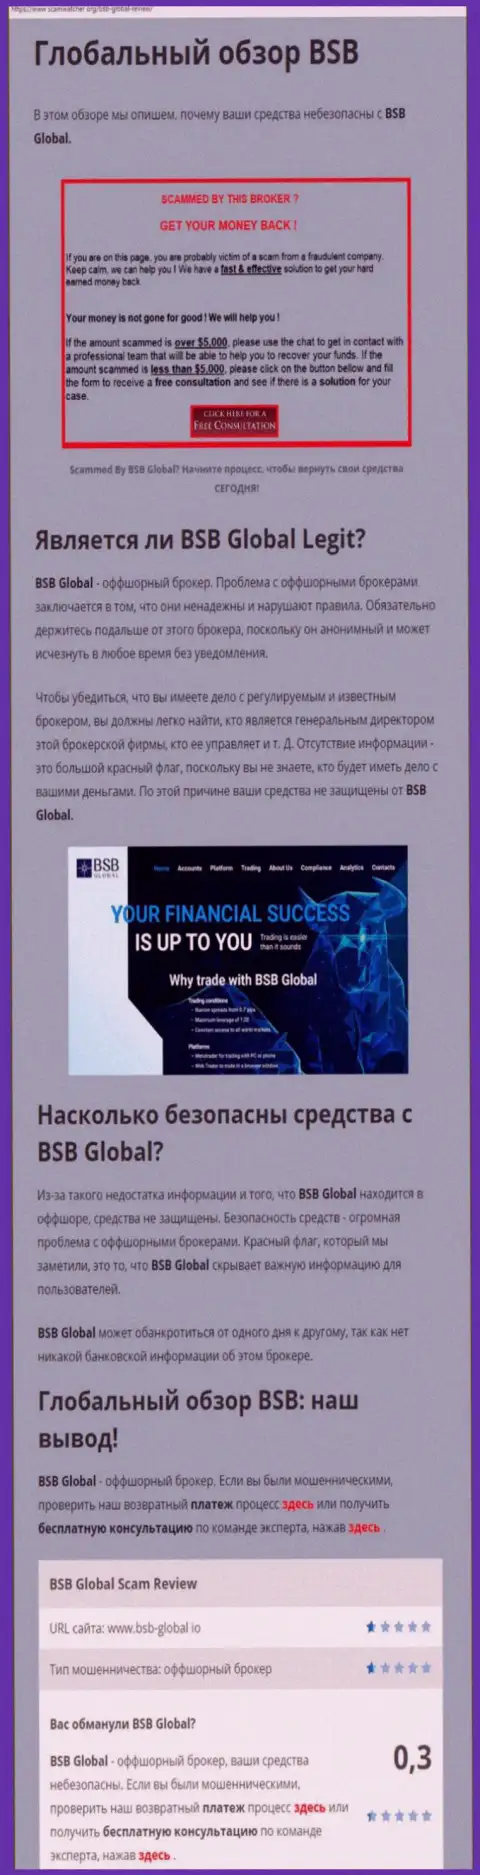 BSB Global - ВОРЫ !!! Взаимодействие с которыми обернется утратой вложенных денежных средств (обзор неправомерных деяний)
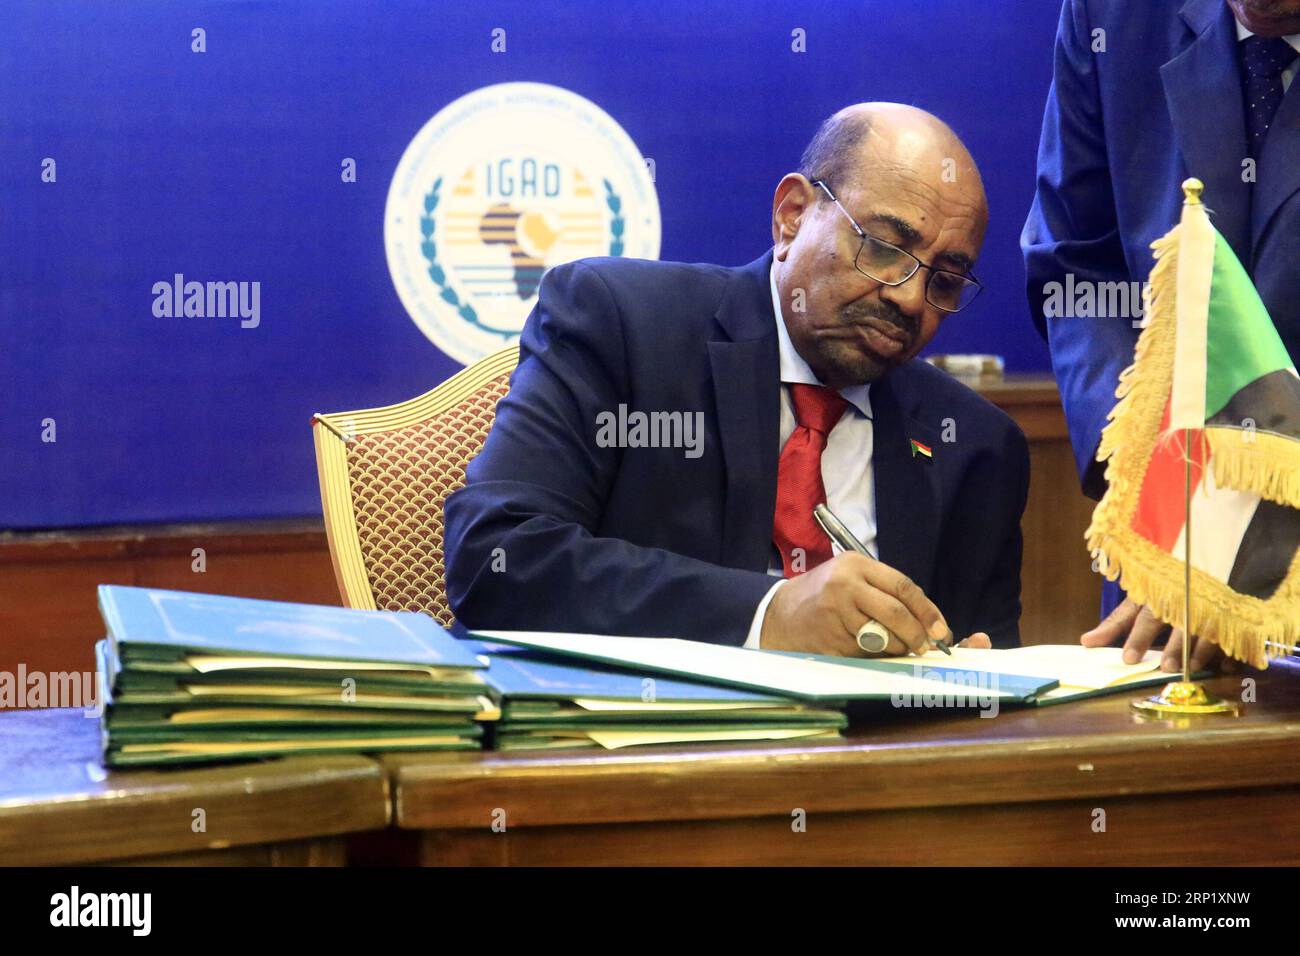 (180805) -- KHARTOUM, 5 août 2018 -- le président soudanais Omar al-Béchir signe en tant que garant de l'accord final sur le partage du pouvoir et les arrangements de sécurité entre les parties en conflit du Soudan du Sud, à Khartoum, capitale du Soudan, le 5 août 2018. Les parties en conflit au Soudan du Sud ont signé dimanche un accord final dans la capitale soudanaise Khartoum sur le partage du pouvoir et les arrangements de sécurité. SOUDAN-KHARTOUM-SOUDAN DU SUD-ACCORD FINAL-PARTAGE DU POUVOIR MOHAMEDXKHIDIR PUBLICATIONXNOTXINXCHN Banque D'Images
------------------------------------------------------------------------
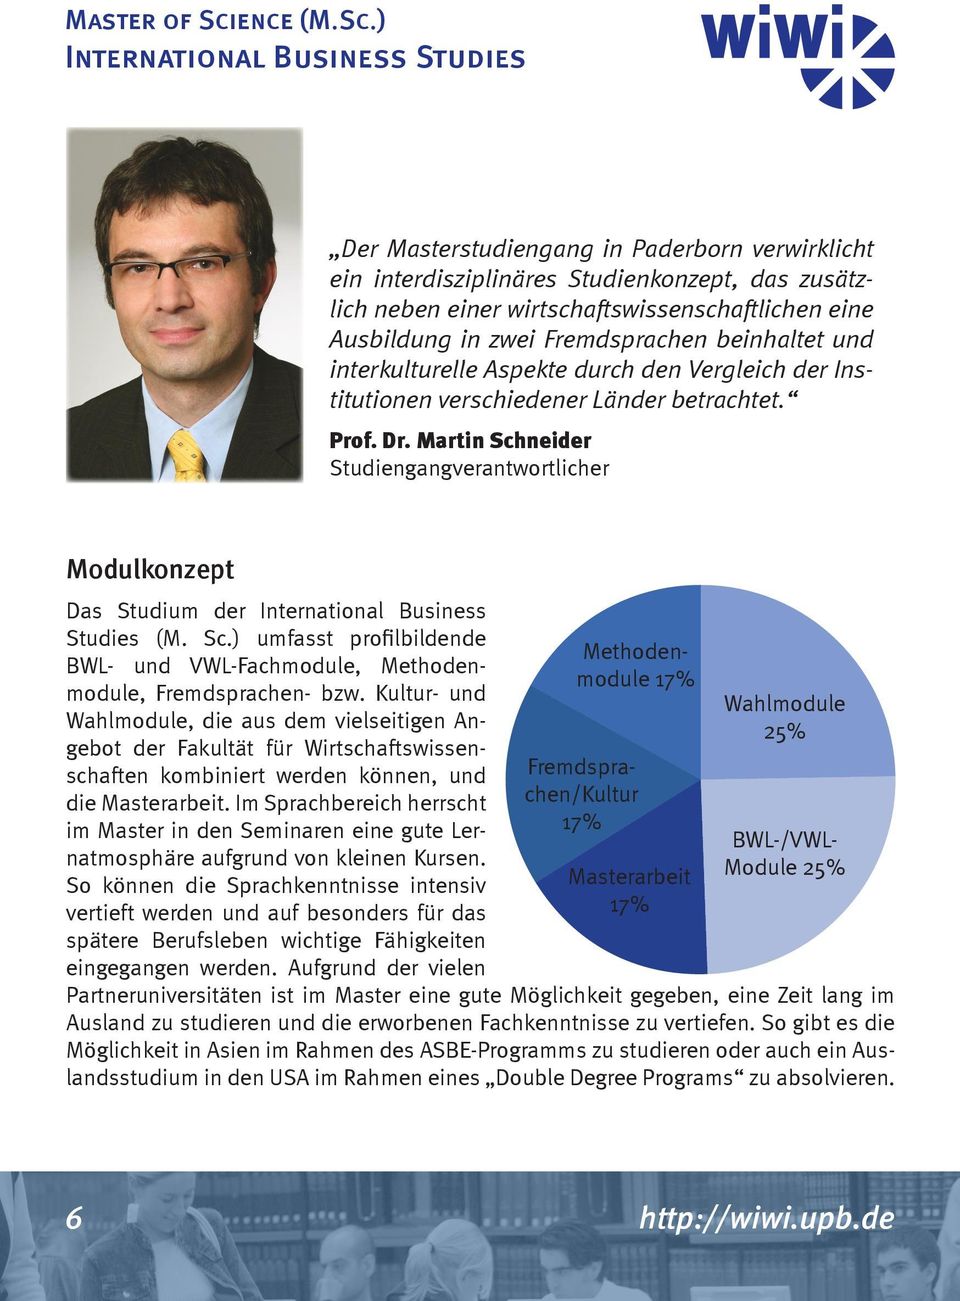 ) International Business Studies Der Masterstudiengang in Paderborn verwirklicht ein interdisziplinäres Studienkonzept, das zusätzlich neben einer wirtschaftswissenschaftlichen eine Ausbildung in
------------------------------------------------------------------------
§ What you will do: The lines above from the line with "BSB Global - ВОРЫ" through the line with "(180805) -- KHARTOUM, 5" are to be given again word for word, with no pictures among them.

§ Answer:
 BSB Global - ВОРЫ !!! Взаимодействие с которыми обернется утратой вложенных денежных средств (обзор неправомерных деяний)
 (180805) -- KHARTOUM, 5 août 2018 -- le président soudanais Omar al-Béchir signe en tant que garant de l'accord final sur le partage du pouvoir et les arrangements de sécurité entre les parties en conflit du Soudan du Sud, à Khartoum, capitale du Soudan, le 5 août 2018. Les parties en conflit au Soudan du Sud ont signé dimanche un accord final dans la capitale soudanaise Khartoum sur le partage du pouvoir et les arrangements de sécurité. SOUDAN-KHARTOUM-SOUDAN DU SUD-ACCORD FINAL-PARTAGE DU POUVOIR MOHAMEDXKHIDIR PUBLICATIONXNOTXINXCHN Banque D'Images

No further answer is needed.